By Xuemei Xie, Wenzhe Yang, Guimei Cao, etc.
We proposed a novel UAV vehicle detector. The network is based on Refinedet, we improve it by generating more suitable bounding boxes and we propose a dynamic training strategy, which can help our model achieve the state-of-art accuracy on UAV dataset detection. More details please refer to the paper.
System | UAV dataset test mAP | FPS |
---|---|---|
YOLO | 53.7 | 64 |
SSD300 | 83.3 | 59 |
Refinedet | 87.1 | 40 |
Our preposed | 90.8 | 59 |
- Get the code. We will call the cloned directory as
$caffe
.
git clone https://github.com/wnzhyee/bigmm2018-code.git
- Build the code. Please follow Caffe instruction to install all necessary packages and build it.
cd $caffe
# Modify Makefile.config according to your Caffe installation.

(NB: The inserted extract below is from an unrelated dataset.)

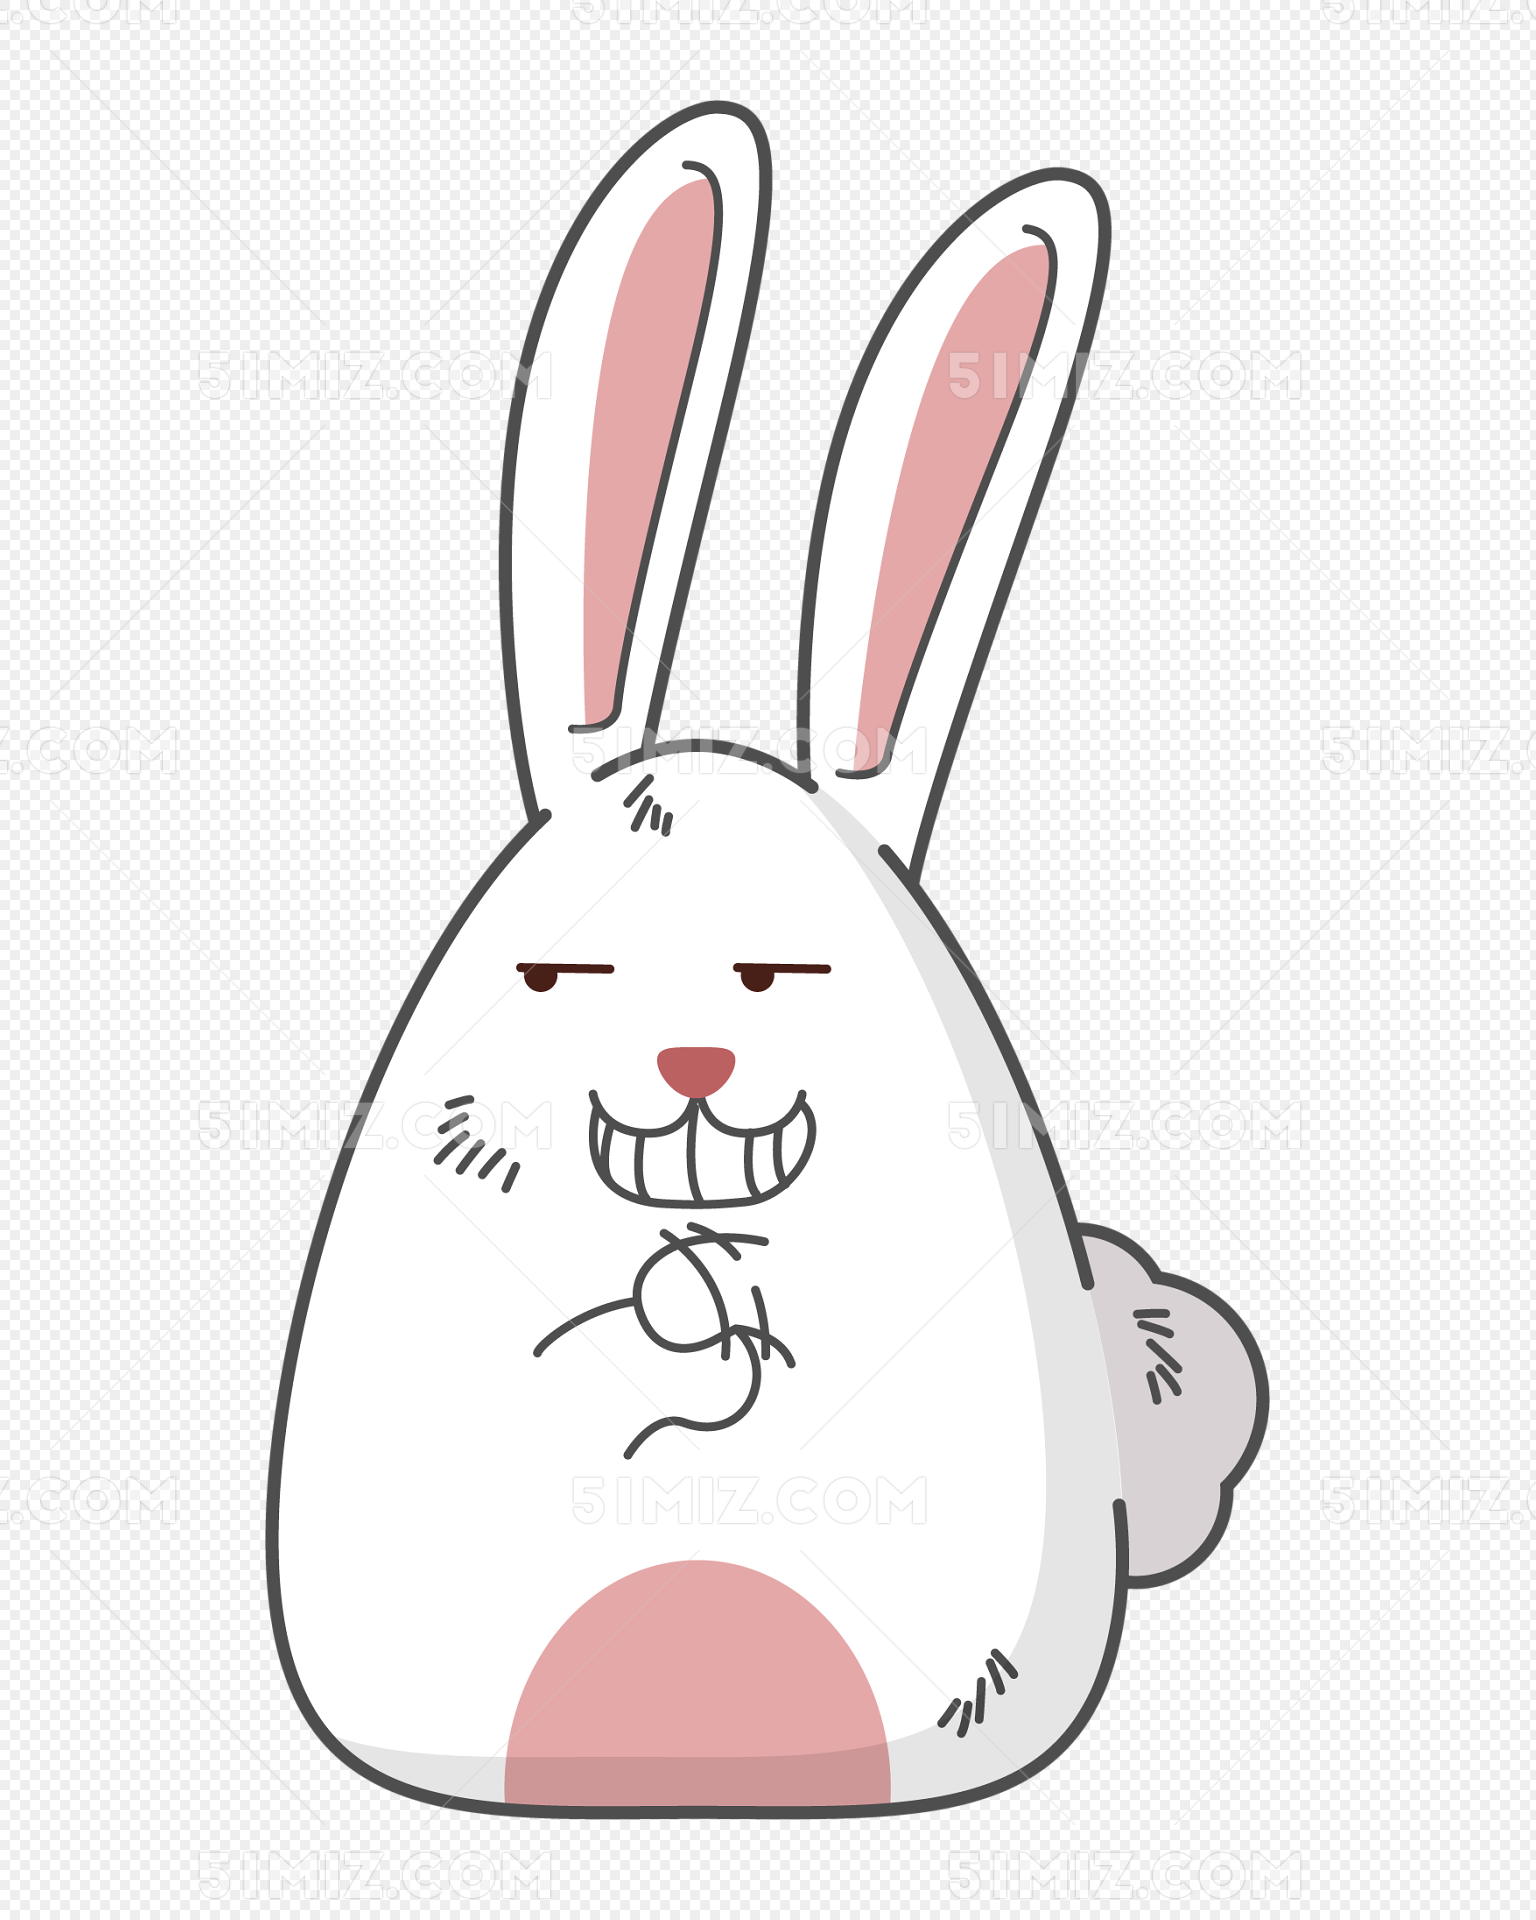 可爱的小白兔图片_动漫人物_动漫卡通_图行天下图库
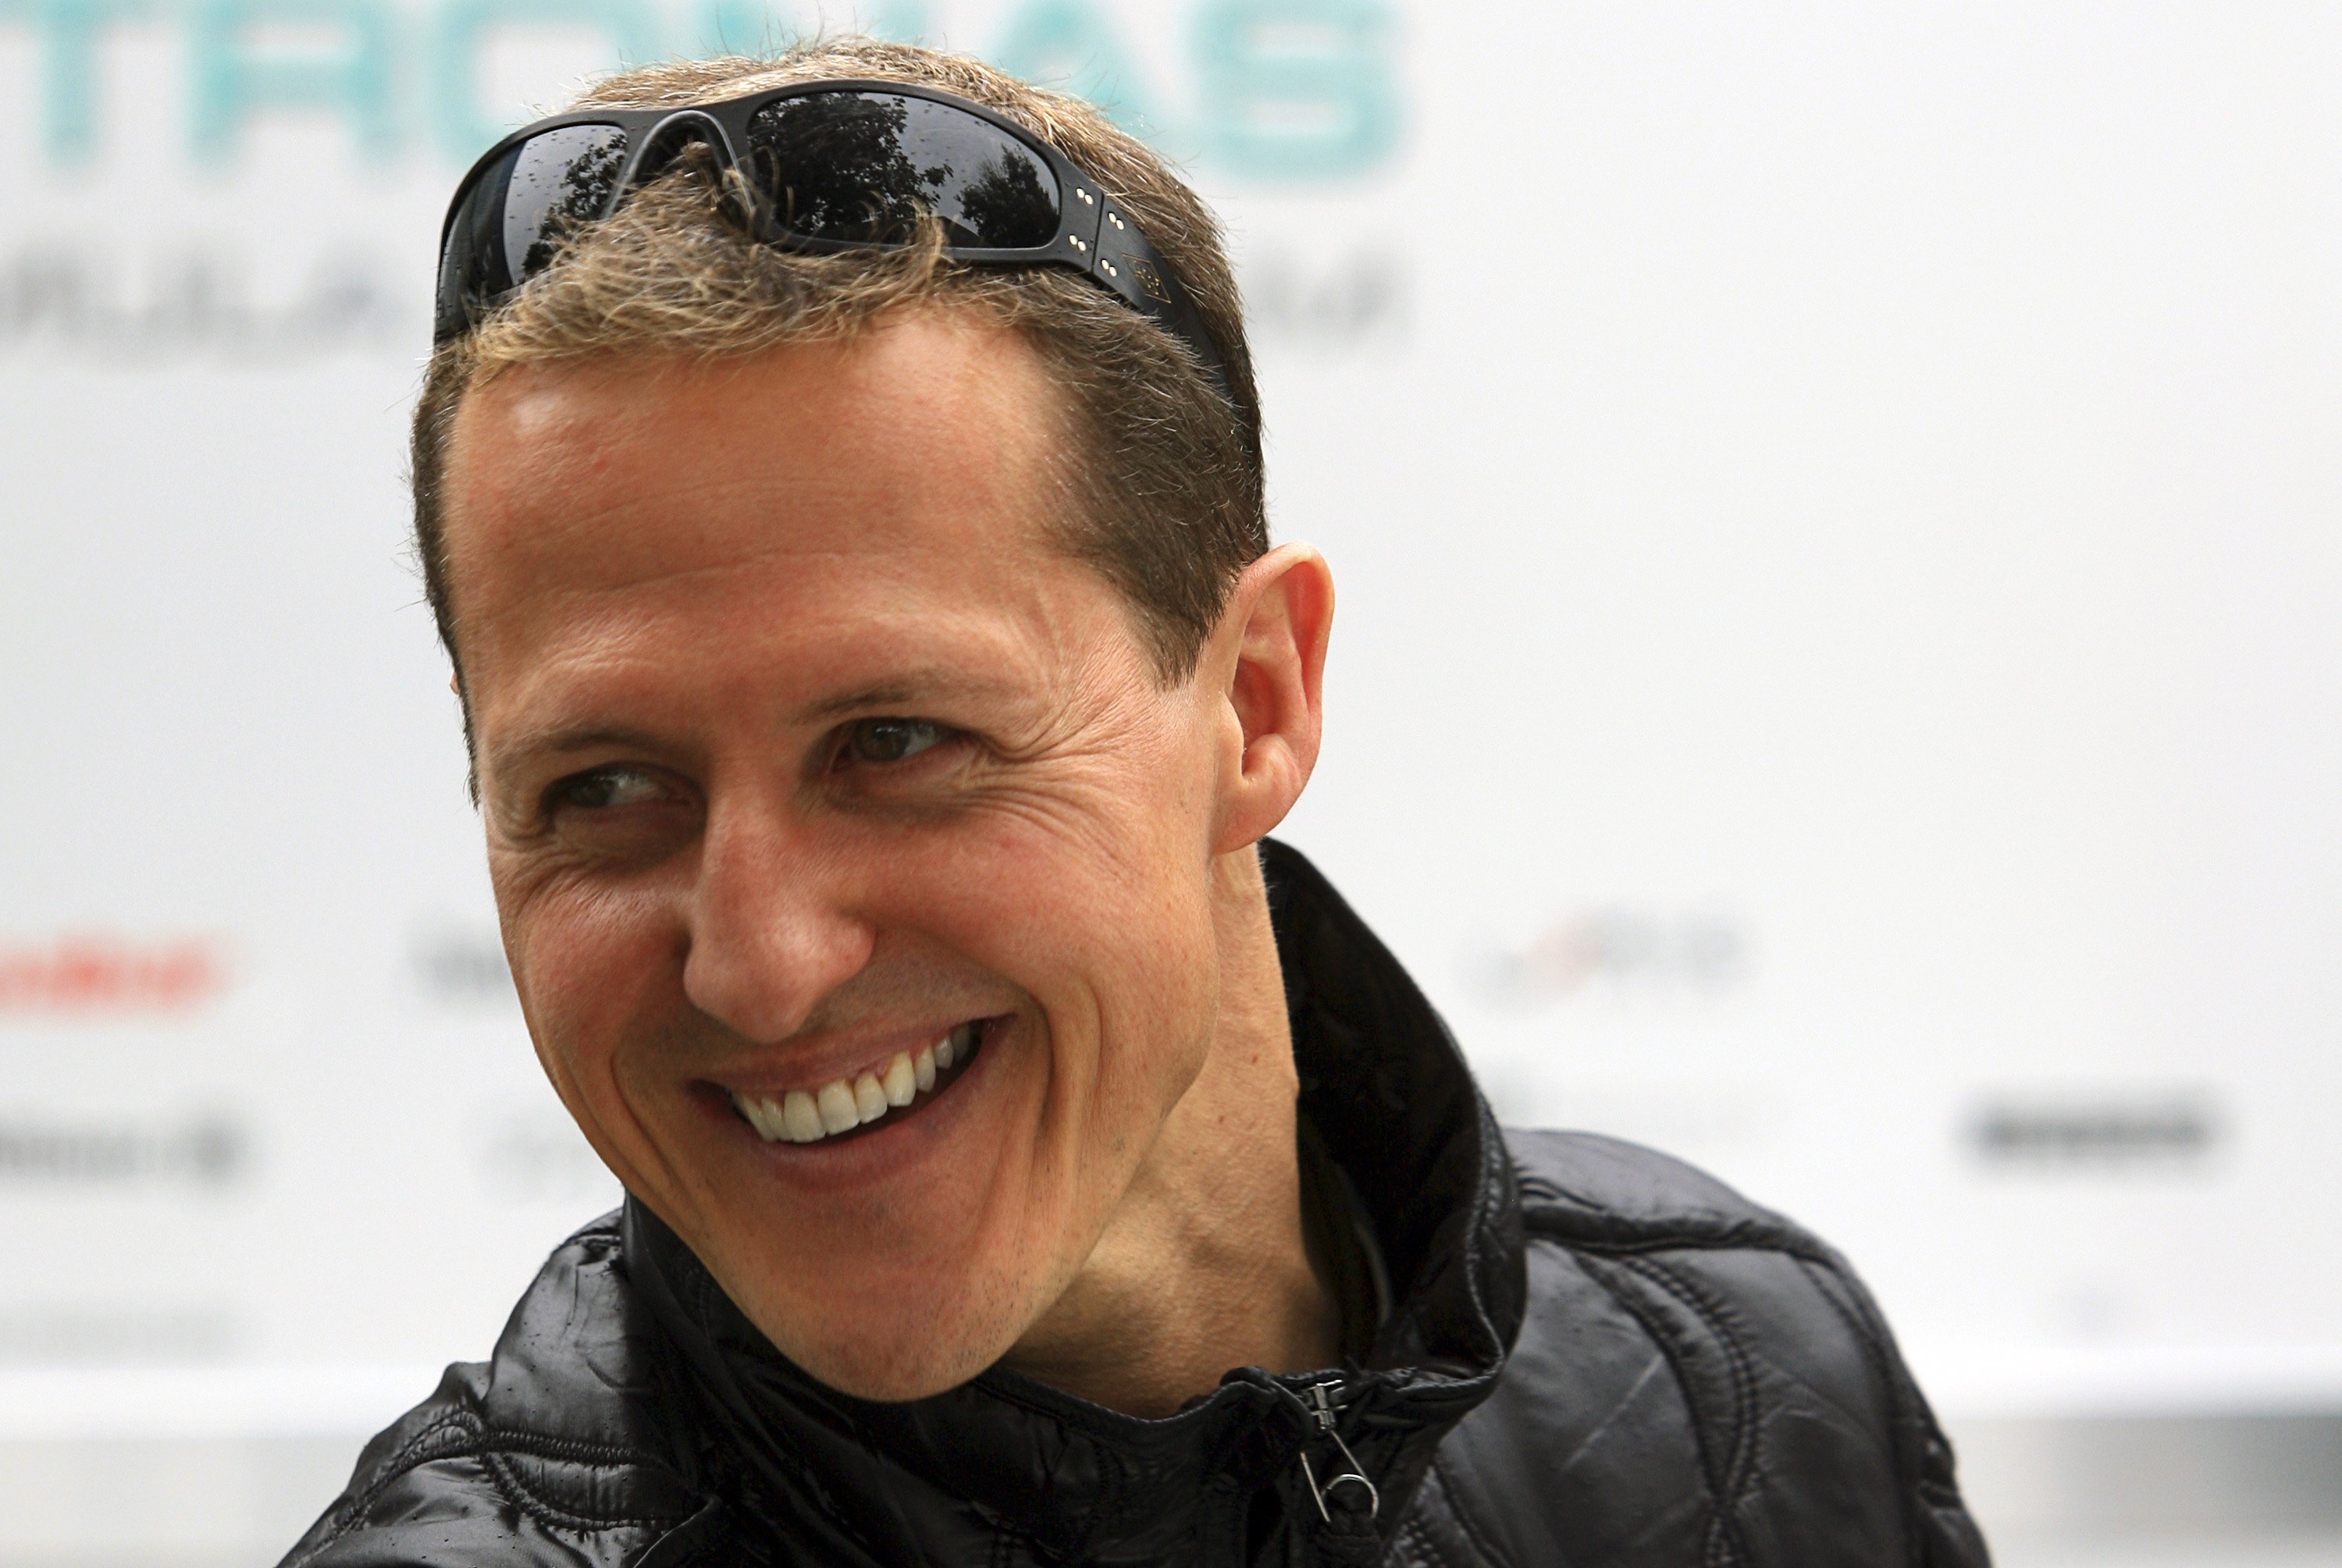 Sospechoso de robo del expediente médico de Schumacher se suicida en prisión

# Make sure to include $caffe/python to your PYTHONPATH.
cp Makefile.config.example Makefile.config
make all -j && make py
-
Download UAV dataset. The dataset is prepared in VOC2007 style, and we provide the image files in ‘JPEGImages/’, the annotations files are in 'Annotations/'.
-
Create .lmdb files uses the create_list and create_data file.
Train your model on PASCAL VOC. First change the path in DJI_train.sh shell and solver.prototxt(they are in $caffe/models/VGGNet/VOC0712/method_folder/), then run the train shell.
cd $caffe/models/VGGNet/VOC0712/**method_folder**/
sh DJI_train.sh
The method folder:
1.Only CE: only train the model with cross-entropy loss, and the total iterations are 120k;
2.Only FL: only train the model with focal loss, and the total iterations are 120k;
3.DTS: train 100k iters with CE loss and another 20k iters with FL loss;
The evaluation files are in $caffe/examples, please refer to the evaluation shells for image det and vedio det.